BRUSSELS – The past week has seen a rare flurry of activity in the European Union. Two major deals — a €960 billion ($1.3 trillion) budget for the 27-country bloc and a system for rescuing banks without making taxpayers foot the bill — have been brokered. But the leaders from the 27 nations achieved little progress on fighting youth unemployment and speeding up plans for a so-called banking union.
Here is a look at what progress has been made this week to overcome the bloc's economic crisis and what still needs to be done:
PROGRESS: A €960 BILLION BUDGET TO FUND EU PROJECTS.
The blueprint for the 2014-2020 budget includes the bloc's first-ever spending cuts, as many of its countries are in recession and struggling to reduce their national debt.
Separate from national finances, the EU budget funds everything from joint infrastructure projects and farming subsidies to development aid, research and employment measures.
The seven-year plan was brokered early Thursday after months of infighting between the European Parliament and governments. An EU summit of leaders in Brussels then endorsed the compromise, sending it to Parliament for a formal vote next Wednesday.
DEADLOCK: NO NEW INITIATIVES TO TACKLE RECORD UNEMPLOYMENT
Unemployment is at an all-time high of 11 percent for the EU, which forms the world's largest economy, and stands at 12.2 percent for the group of 17 EU countries that use the euro.
The plight is worse for the young, with almost one in four people aged under 25 without a job. In crisis-hit Greece and Spain, that rate is more than 50 percent.
EU leaders agreed to speed up spending up to 6 billion euros — about 0.05 percent of the bloc's annual output of 13 trillion euros — to fight youth unemployment starting next year. However, they had announced that step since last year, and half of the money is only repackaged from other budget positions.
Analysts have warned that the step will make little to no difference, and European Parliament President Martin Schulz called it a "drop in the ocean."
Leaders also called on the bloc's European Investment Bank to kick-start investment and job creation by boosting lending to small and medium-sized firms by up to 150 billion euros through until 2015. The increase in lending is made possible by a capital increase decided last year.
PROGRESS: NEW EU RULES MAKE SURE TAXPAYERS WON'T FOOT THE BILL FOR BANK FAILURES
In the small hours of Thursday morning, European finance ministers reached a compromise on rules enshrining that bank rescues will be primarily funded by the banks' shareholders and creditors, with taxpayer money only a last resort.
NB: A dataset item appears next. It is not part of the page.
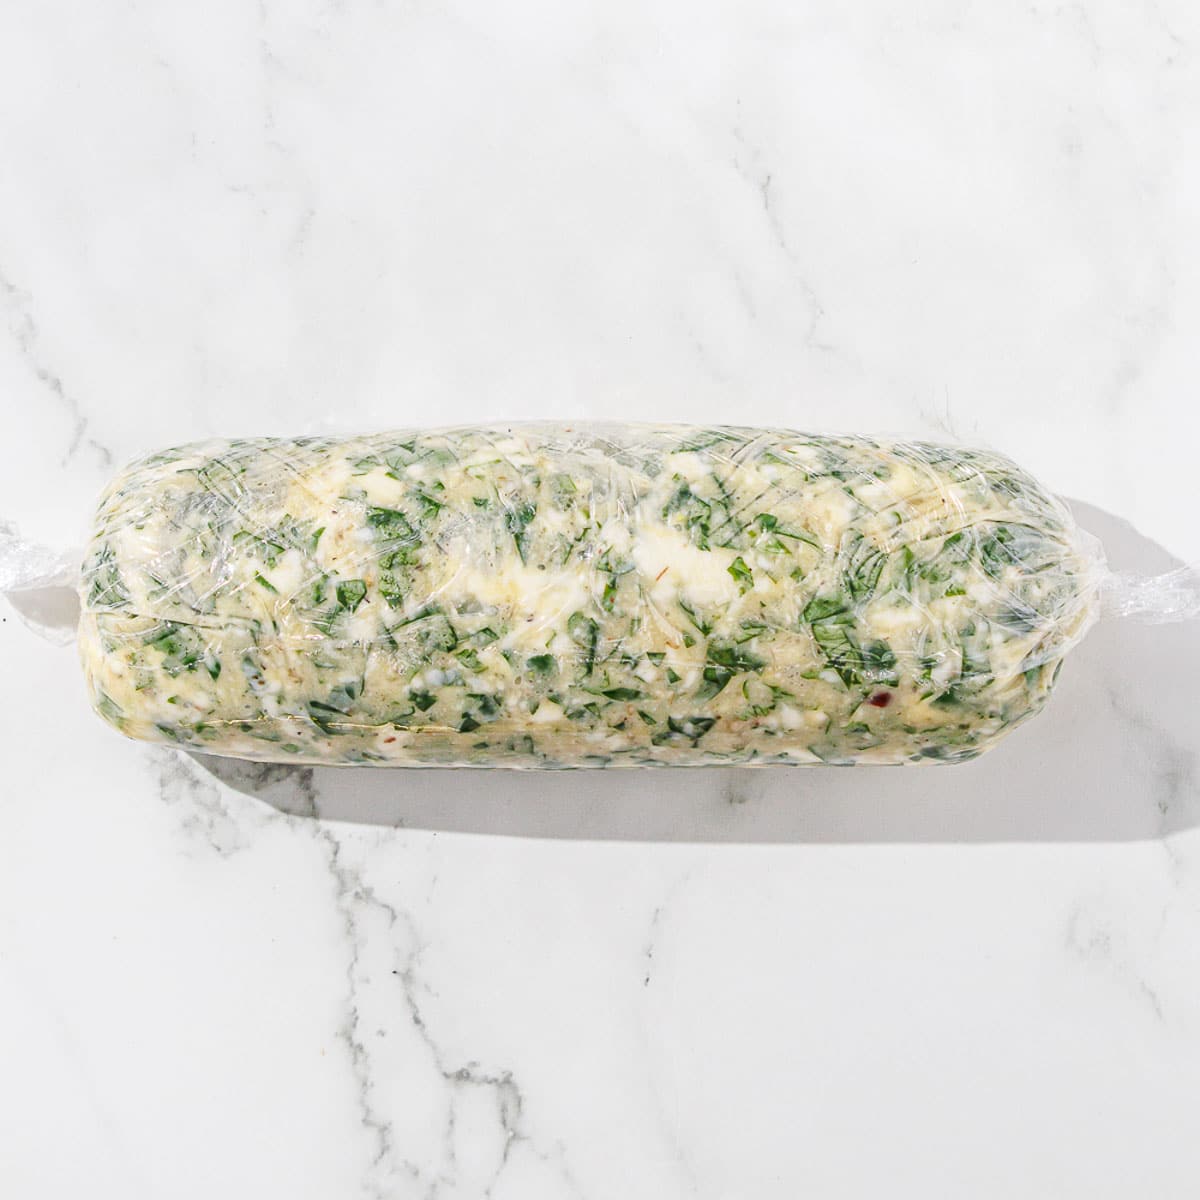 A roll of chimichurri butter wrapped in plastic on a marble surface.

The new rules create certainty for investors and strengthen Europe's banking system.
The decision draws on the lesson of the 2008-2009 financial crisis when several European governments had to pump dozens of billions of taxpayers' money into their banks to stop the financial system from collapsing.
If a bank fails, losses will be forced on its shareholders, creditors and holders of uninsured deposits worth more than 100,000 euros to cover 8 percent of a bank's total liabilities. Then the government can chip in, as much as another 5 percent of liabilities — but no more.
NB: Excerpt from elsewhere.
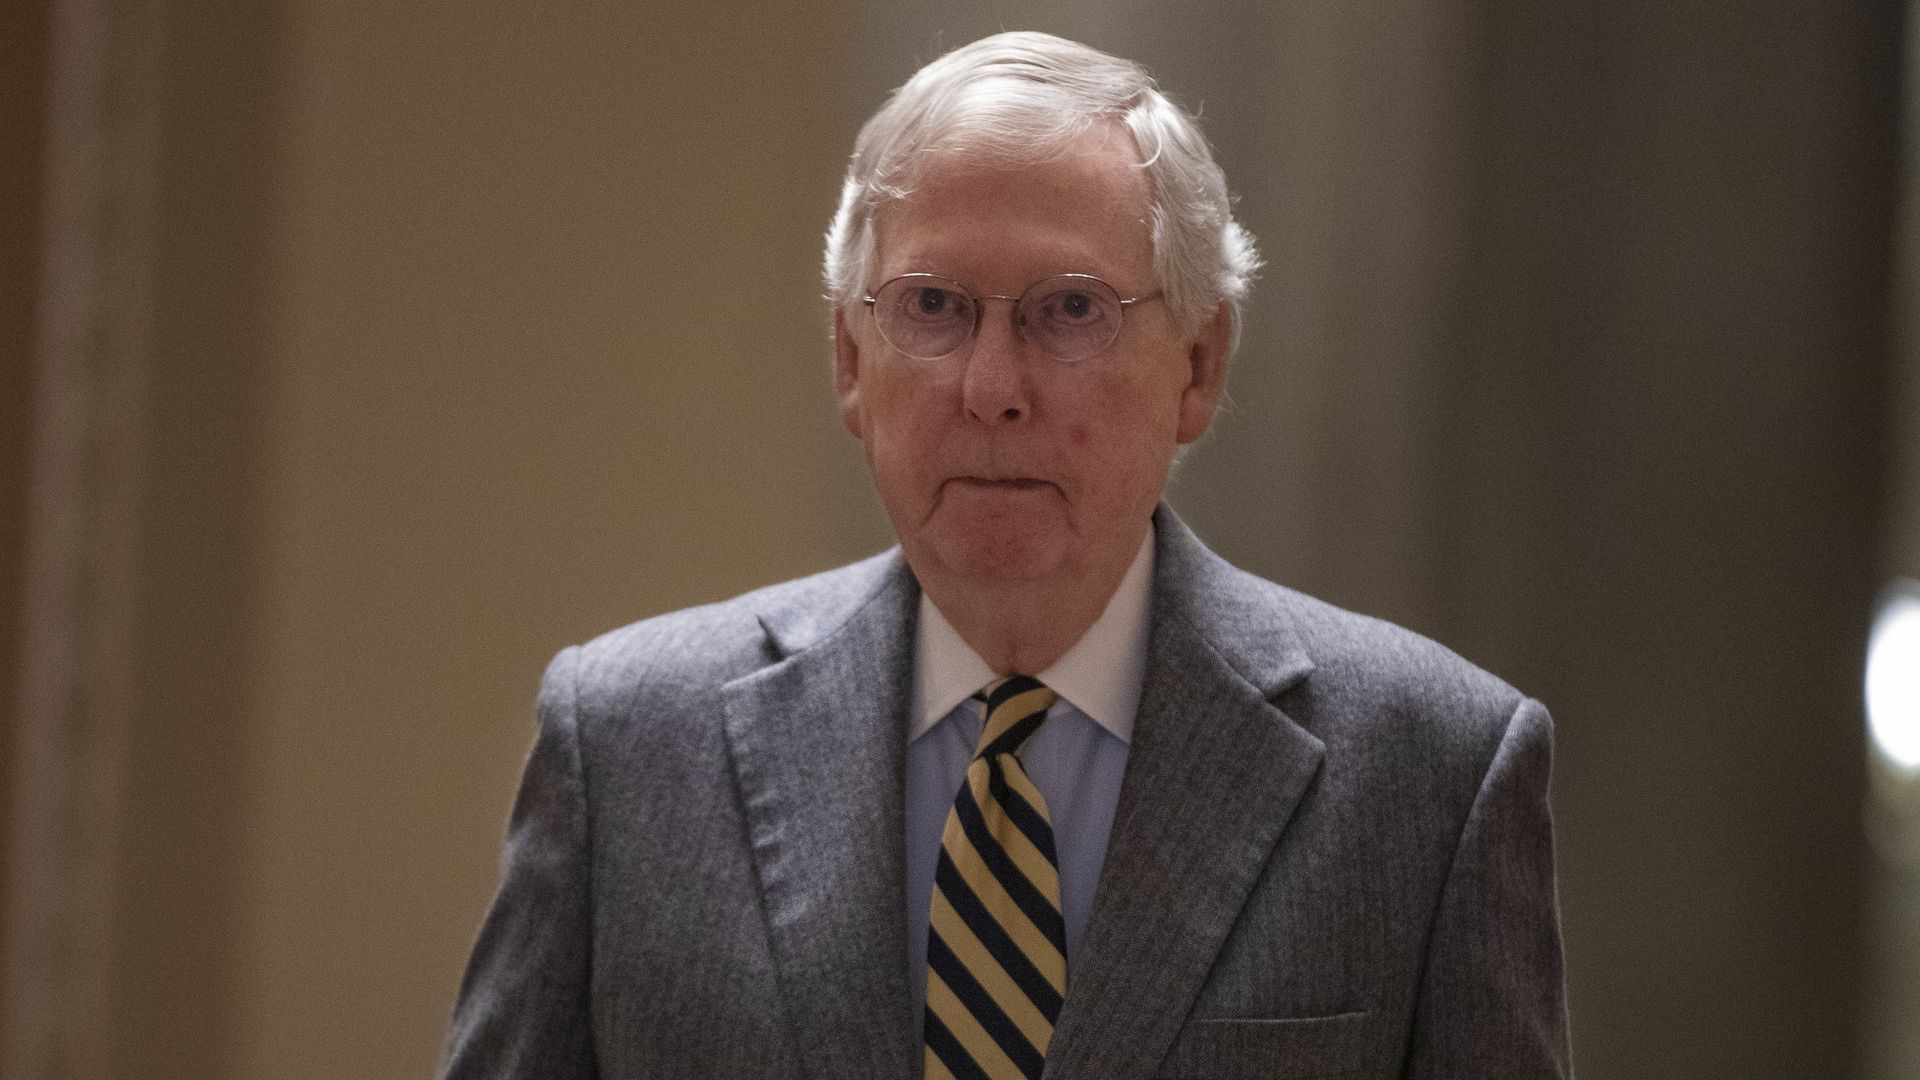 Senate Majority Leader Mitch McConnell walks down a hallway at the Capitol

DEADLOCK: LONG WAY STILL TO GO ON THE BANKING UNION
Analysts say restoring confidence in Europe's highly fragmented banking sector is one of the key policies to turn the tide on the 17-nation eurozone's debt crisis.
The plan was first endorsed by EU leaders a year ago when markets were worried that Spain — like Greece, Ireland and Portugal before — might be forced to seek a full-blown bailout to stay afloat after pumping billions into its ailing banks.
The plan consists of three main pillars: Centralized oversight of big banks anchored at the European Central Bank, a central authority able to prop up or wind down ailing banks, and a jointly guaranteed deposit insurance.
The ECB's oversight is due to be operational late next year, but progress on other fronts has been slow since some countries have started back-pedaling on last year's pledges. Investors no longer feared an imminent breakup of the currency zone following an ECB pledge to do whatever it takes to preserve the euro.
Thursday's agreement on rules for bank failures was a step toward establishing a joint bank resolution authority, but Germany and others seek to delay further progress on that issue and on a joint deposit insurance scheme. The EU summit showed complacency on the matter, making no progress, while pledging to discuss further steps in the fall.